In this part we can either train online the Neural Netwrok using a Colab created by Sandeep Mistry or use the slightly modified version I provide and train it in our machine with Jupyter Notebook. The proccess is easily explained in both the Notebooks.
Although some of the highlights of the Notebook could be that we "One Hot Encode" the dataset, that means labelling the data like this
Data | Punch | Upper |
---|---|---|
0,424 0,534... | 1 | 0 |
0,574 0,153... | 1 | 0 |
0,863 0,785... | 0 | 1 |
0,583 0,135... | 0 | 1 |
Instead of naming the target variable as target = ("Punch","Upper")
and then encoding the data like this
Data | Target |
---|---|
0,424 0,534... | 1 |
0,574 0,153... | 1 |
0,863 0,785... | 2 |
0,583 0,135... | 2 |
Because the Neural Network could interpret that a number in the middle, like 1.5, makes sense, therefore turning a categorical variable, like Punch, Upper... into a numerical variable, like height or stock value. So our error function the Mean Squared Error takes that into account when we hot encode the data.
We could also use another function like the Sparse Categorical Crossentropy which already takes into account a variable with different categorical values.

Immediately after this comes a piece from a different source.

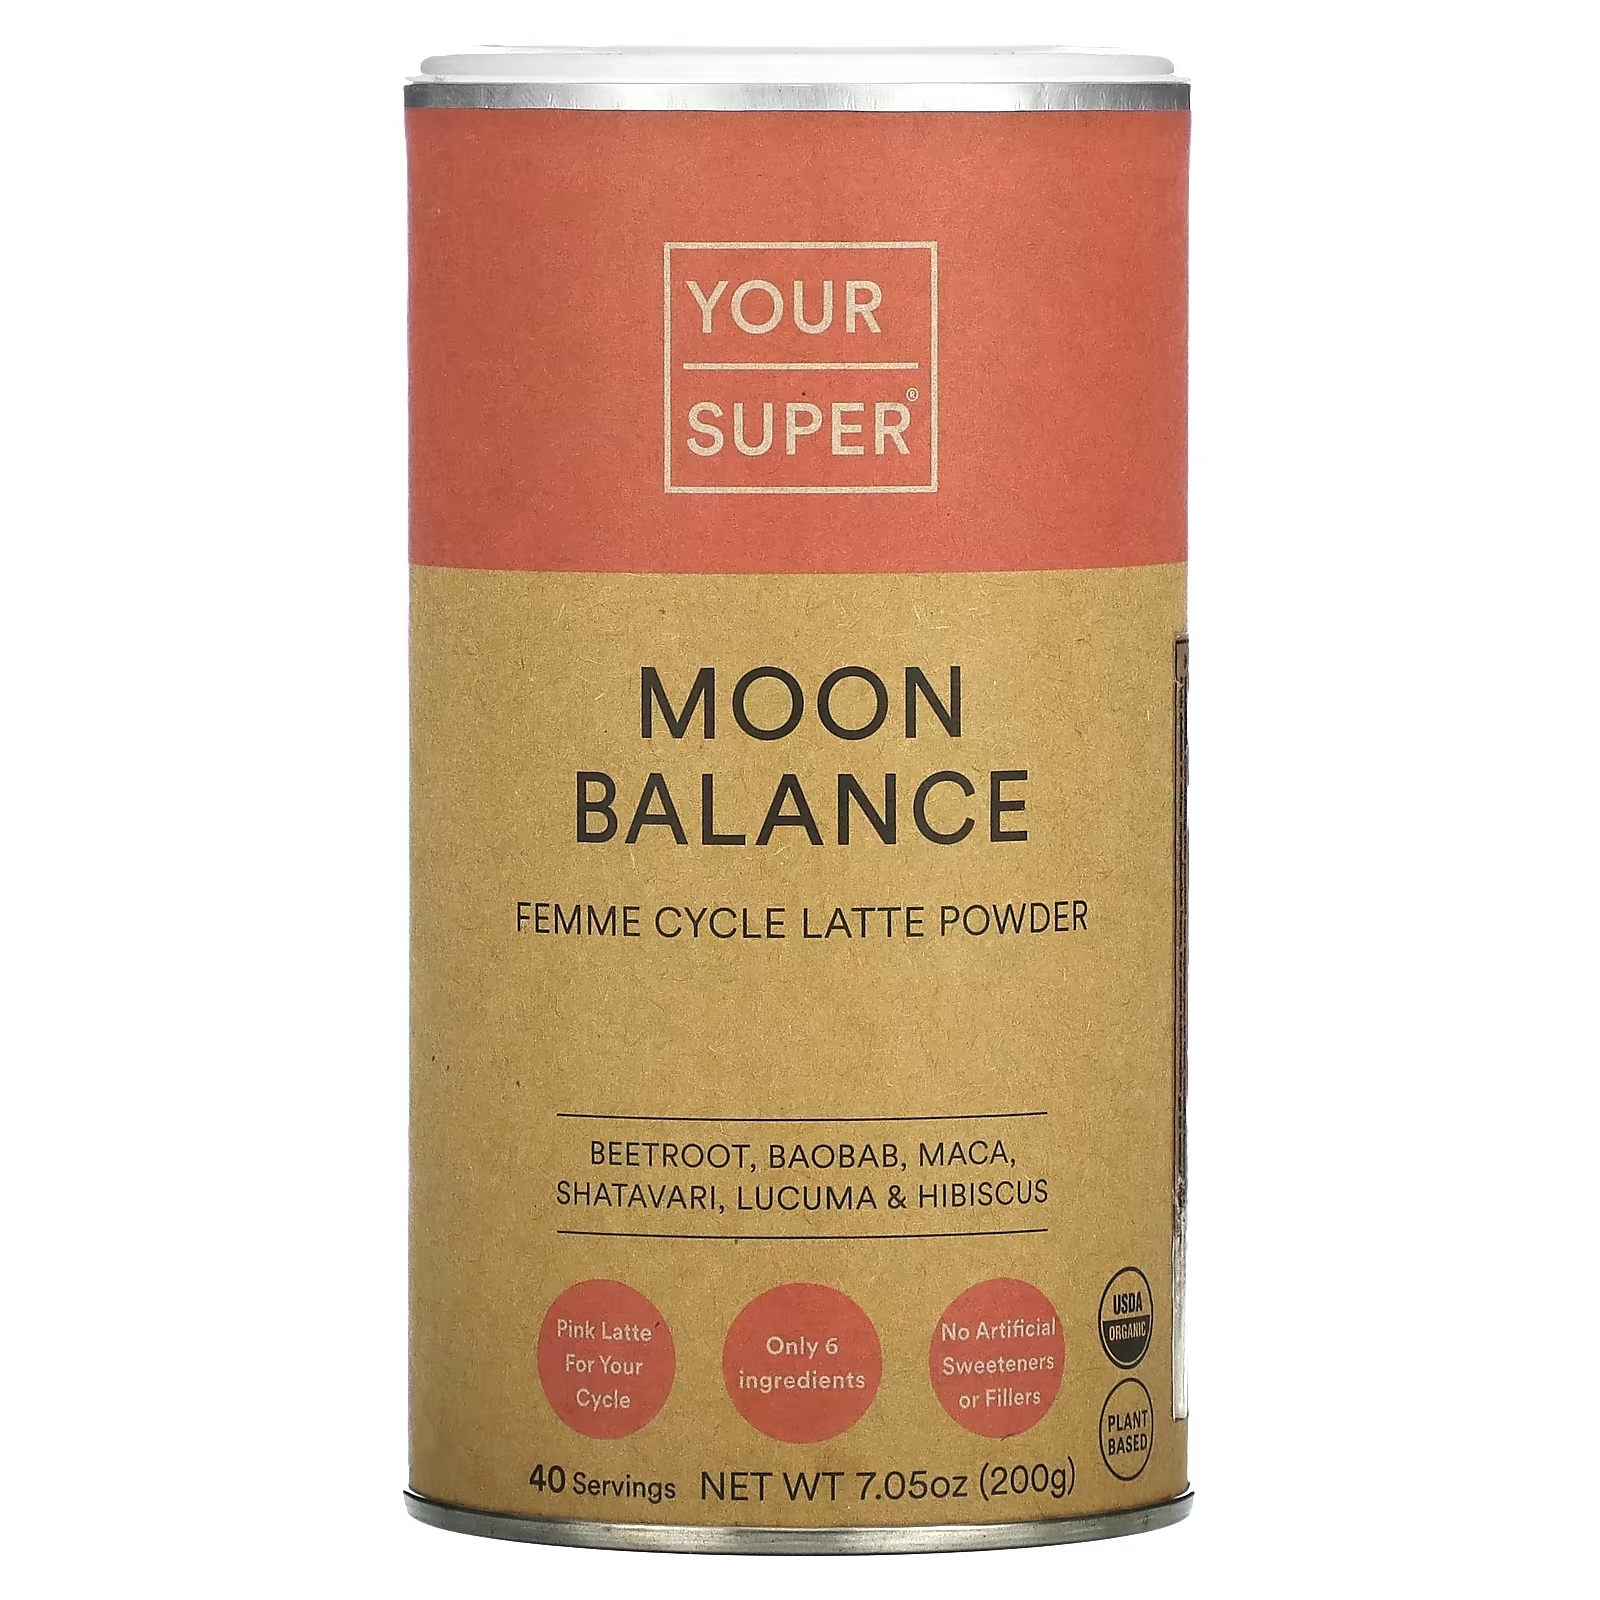 Порошок для Латте Femme Cycle Your Super Moon Balance, 200 г

We also have to define a Neural Network Architecture. This time we used a simple Neural Network with two Dense Layers-
Lastly we simply put the model.h
we obtained in the last step in our working folder. Compile the .ino
program and upload it into the Arduino and the program is ready to go. Youtube video
Some considerations to take into account are:
-
The Neural Network is very sensitive to the position, inclination, velocity and acceleration of the movements you record. So try to keep the Arduino in the same spot during the recording and later during the predictions
-
TensorFlow Lite in microcontrollers can deal with much more complex Neural Networks, like several layers deep and complex layers such as convolutional ones. But keep in mind that bigger isn't always better. As there are two main problems with this approach:
- Training will be slower, and the Neural Network might not find a local minima and never converge. Outputting worse than random results
- Compiling will take longer and take up more space in the microcontroller.
-
Even though processing a Neural Network is very resource heavy on the microcontroller. The measured current draw between the microcontroller on idle (17 mA) and using a Neural Net (21 mA) was a 20% difference, although the device I used for measuring has a precission of +- 2 mA, so results may not be all that accurate.